Hacker News new | past | comments | ask | show | jobs | submit login
Show HN: OpenOrb, a curated search engine for Atom and RSS feeds (idiot.sh)
259 points by lowercasename 7 months ago | hide | past | favorite | 56 comments
Alternative search engines are neat, as are RSS feeds. OpenOrb is a self-hosted app which allows visitors to search over a list of blogs you love. If you put your 10 favourite blogs in there, it'll search just those blogs and not show you any sponsored content or machine-generated garbage (unless... you follow blogs written by machines?)

Personal RSS feed readers can usually do this sort of thing, but RSS readers aren’t meant to be shared, so you can think of the search engine as a 'curated feed list as a public service'.

I wrote a longer blog post about OpenOrb here: https://raphael.computer/blog/openorb-curated-search-engine/




I really like the idea! At some point I put up a miniflux instance and it has surprisingly been a breath of fresh air for my content consumption. What miniflux and my setup lacks is a way to retrieve stuff I read and this OpenOrb might fit the use case... I will try it out!


https://github.com/miniflux/v2 in case anyone else was also wondering


What do you mean by "retrieve stuff I read"?


sometimes I stumble into stuff I’m sure I’ve already read something about in an article but if I didn’t bookmarked or made a note of it it’s very hard to find again (miniflux flushes content after a certain age)

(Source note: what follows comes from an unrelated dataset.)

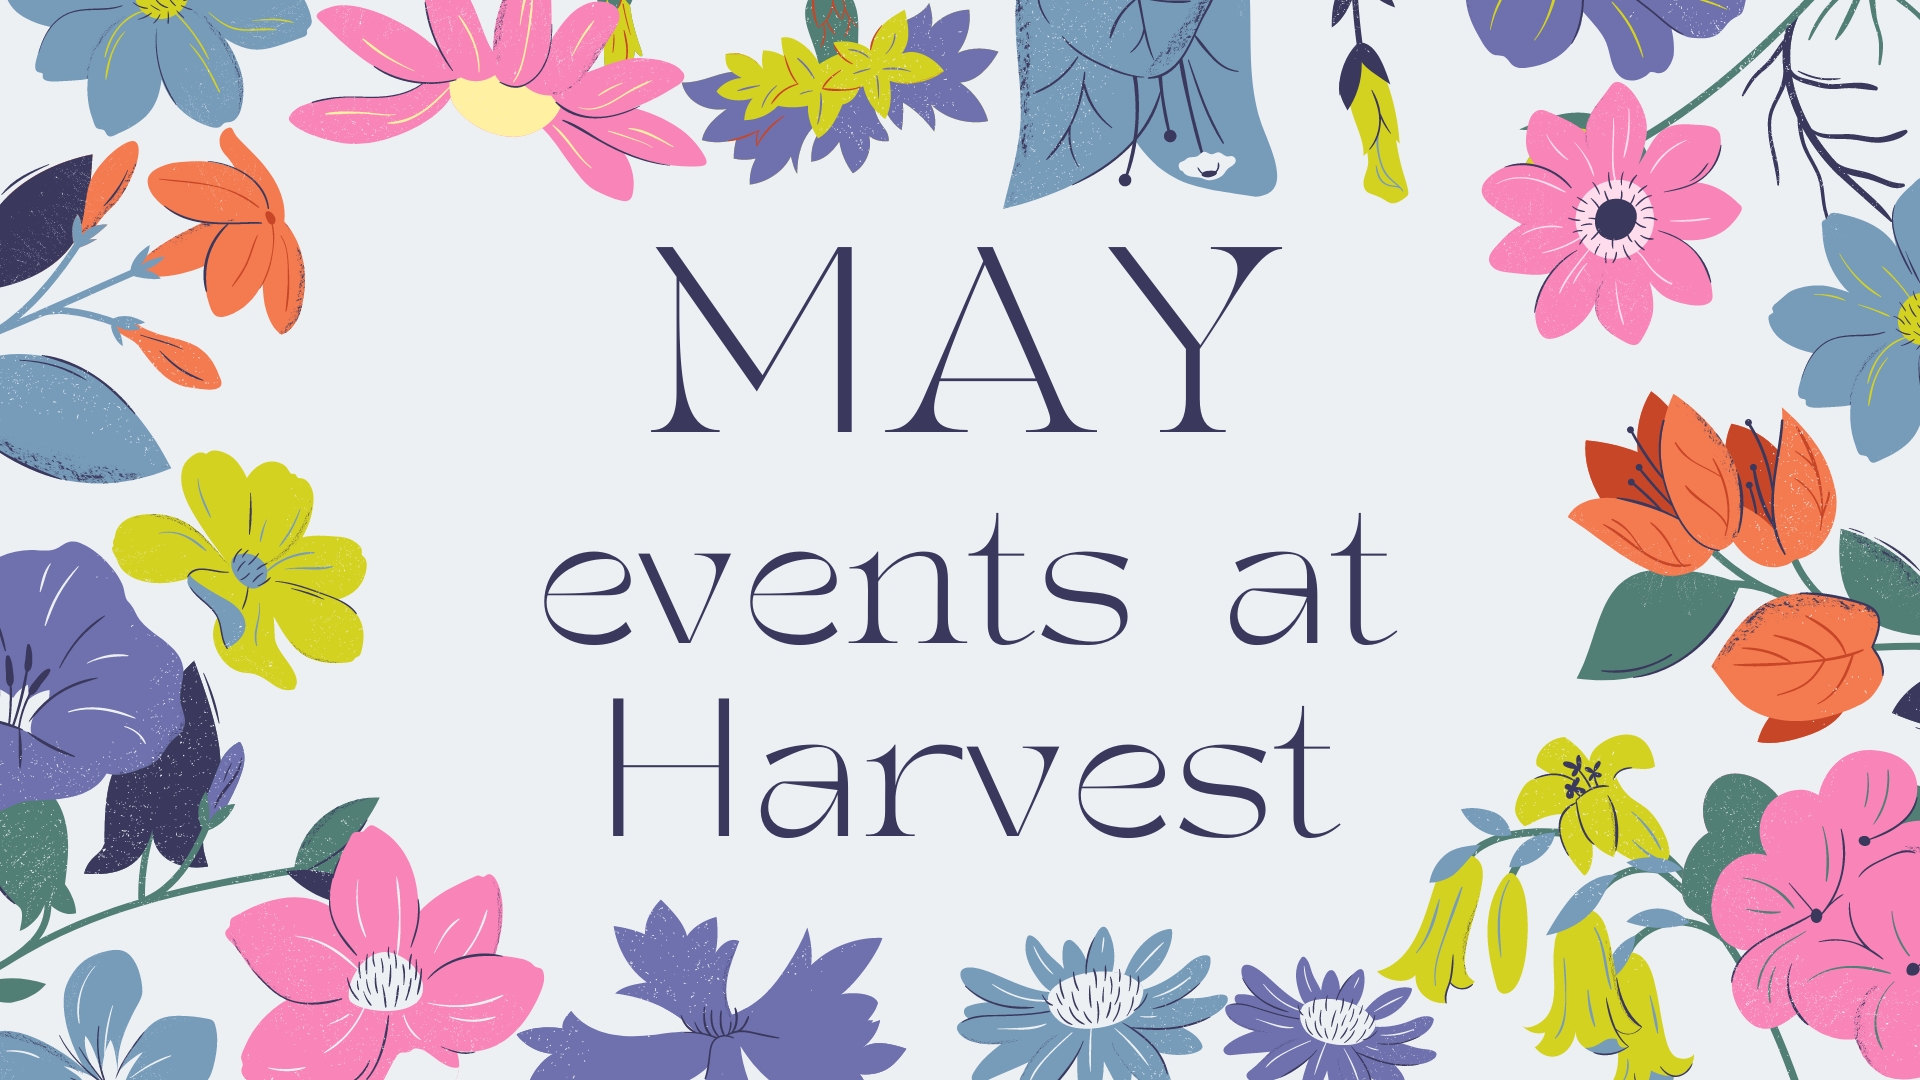 This May at Harvest

You can set the age to arbitrary points in the past, if storage isn't a concern. I've actually found miniflux's search feature fairly solid for dredging up old stuff I've read!


I've set the following in Miniflux to stop it deleting things:

CLEANUP_ARCHIVE_READ_DAYS=-1 CLEANUP_ARCHIVE_UNREAD_DAYS=-1


Ah, I see, thanks for the explanation! I'm asking because I'm working on a similar project, which allows to both search and save blog posts permanently.

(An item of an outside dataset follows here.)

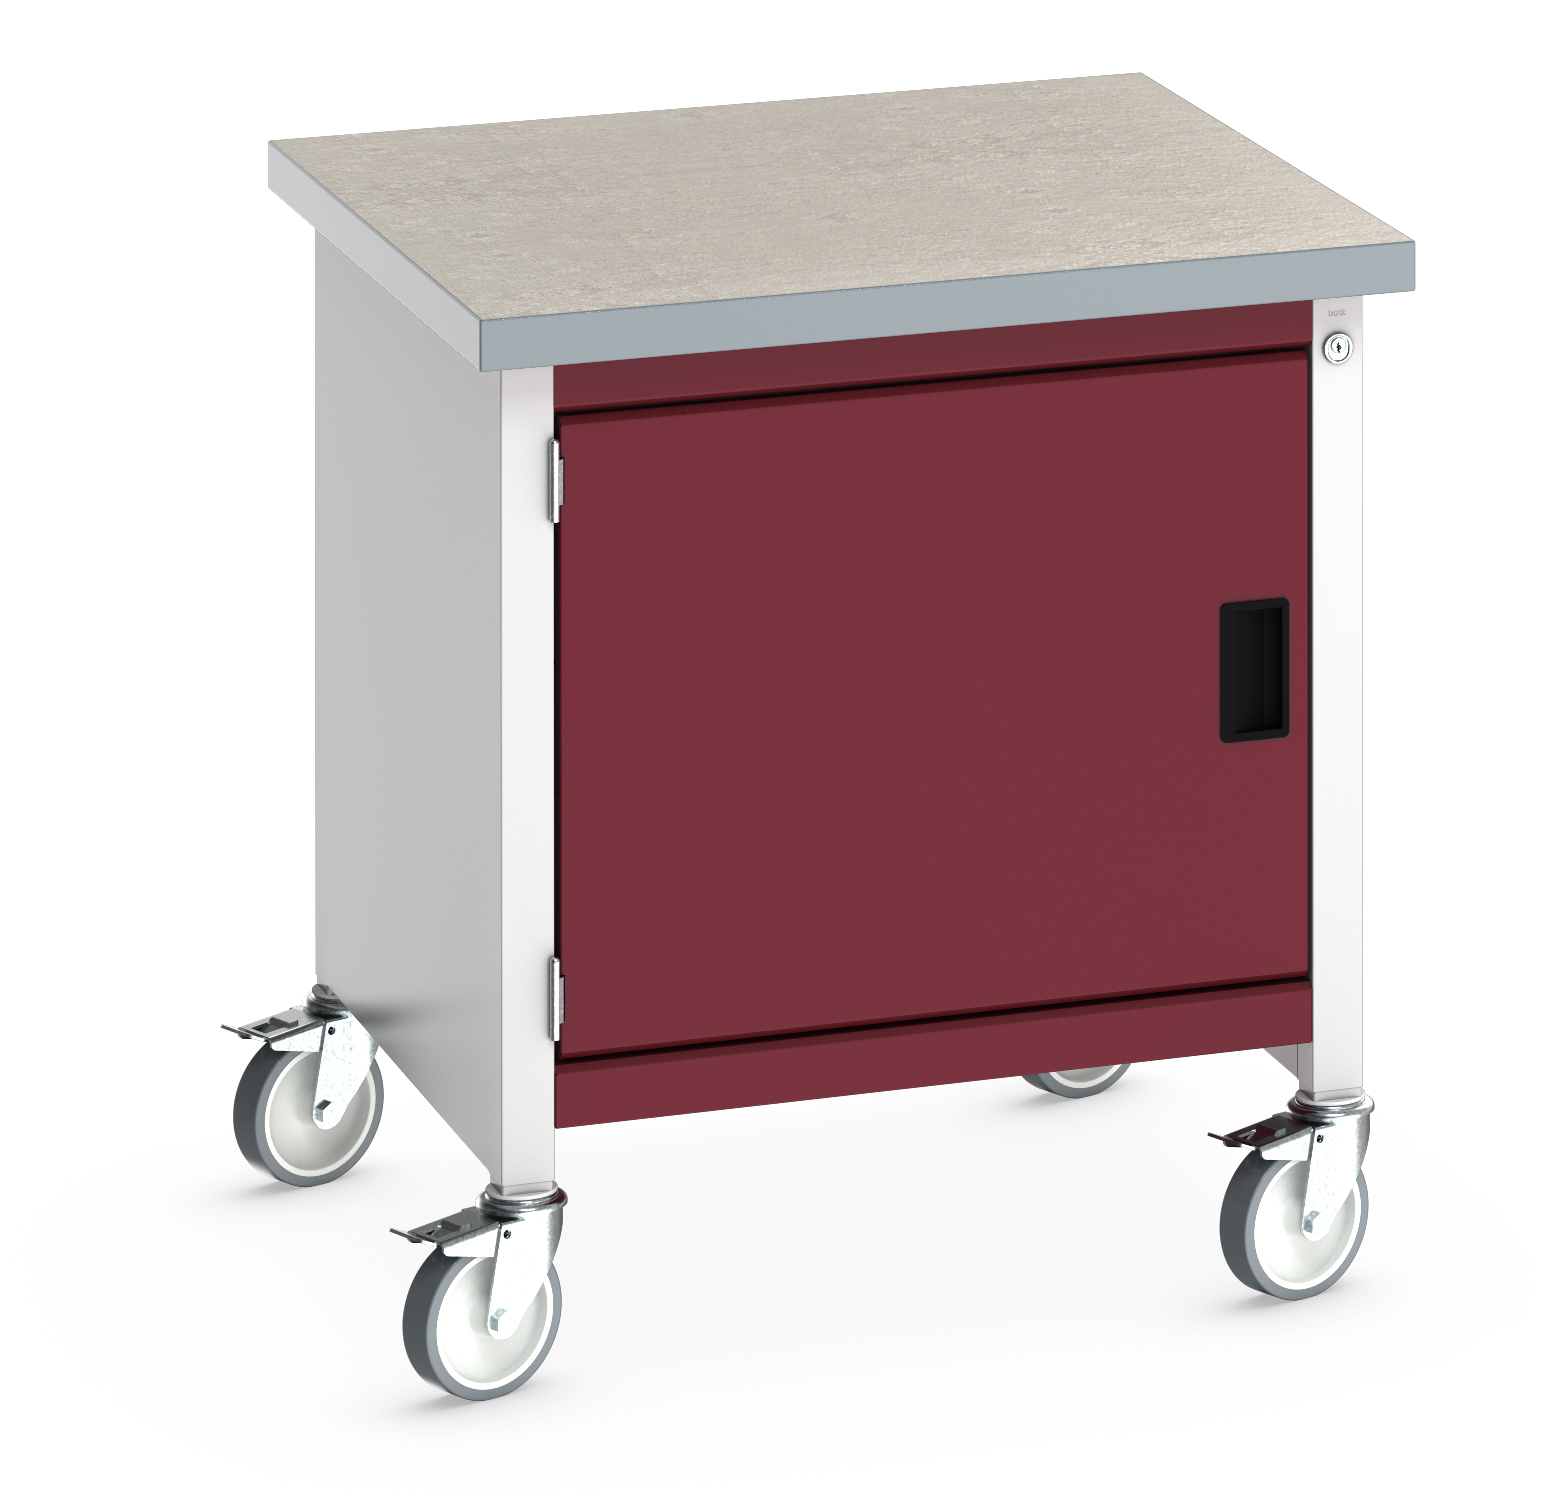 Bott Cubio Mobile Storage Bench With Full Cupboard - 41002087.24V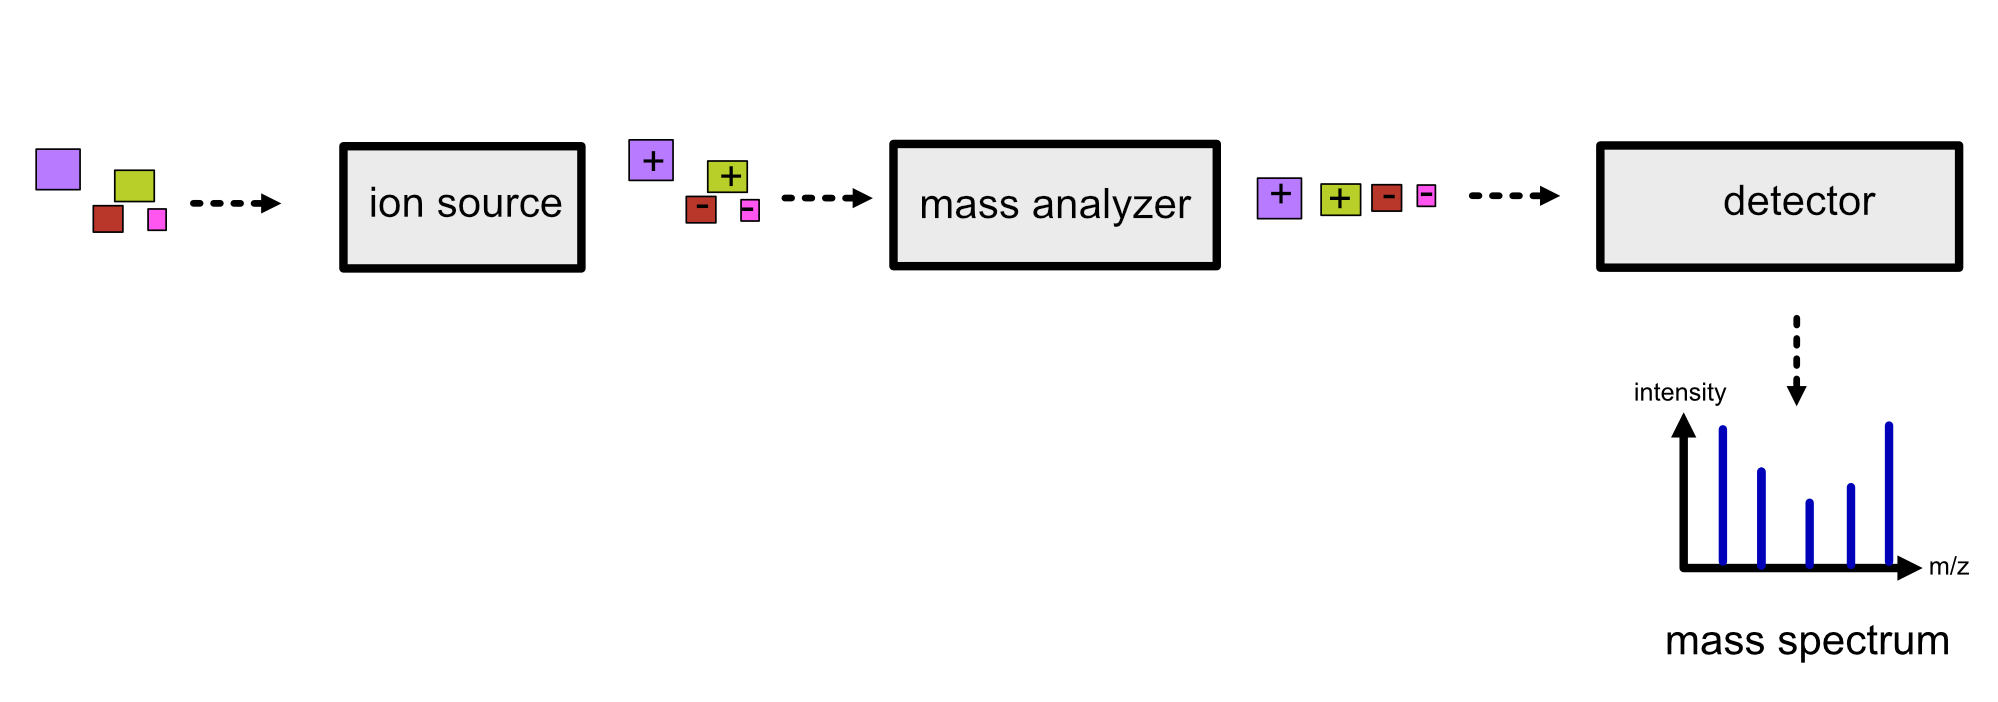 ../_images/mass-spectrometry-components.png

Speaking for me personally, I've always felt "search my history" should be implemented in the browser, not as an external tool. "Search and save blog posts" seems like a subset of the real problem.


but does this filter out the rss feeds that are just a headline and then a "click here to read the whole story" link?

that's what killed rss it wasn't google reader going away, it was the ad-weaponizing of the feeds themselves


Someone compiled this a while ago which is a pretty good starter list for content discovery: https://github.com/outcoldman/hackernews-personal-blogs

I've imported most of them into https://app.recessfeed.com/ and found some nice ones to follow through that


I really like the idea of feed/entry search but it seems to not return very relevant results... if I search for "software defined radio" with or without quotes I get lots of results that don't have those terms in them


> If you put your 10 favourite blogs in there, it'll search just those blogs...

10 feeds will not give you much recall. I have 50K+ feeds, 1M+ posts, and it just starts to give somewhat respectable results.


Have you dumped your feed list anywhere?


No. but you can try the search here:

https://roastidio.us/search


If you'd like to read RSS in you new tab: https://tabhub.github.io/


This is a cool idea.

When I search for "history" it returned only technical articles, and heavily favored dan luus website.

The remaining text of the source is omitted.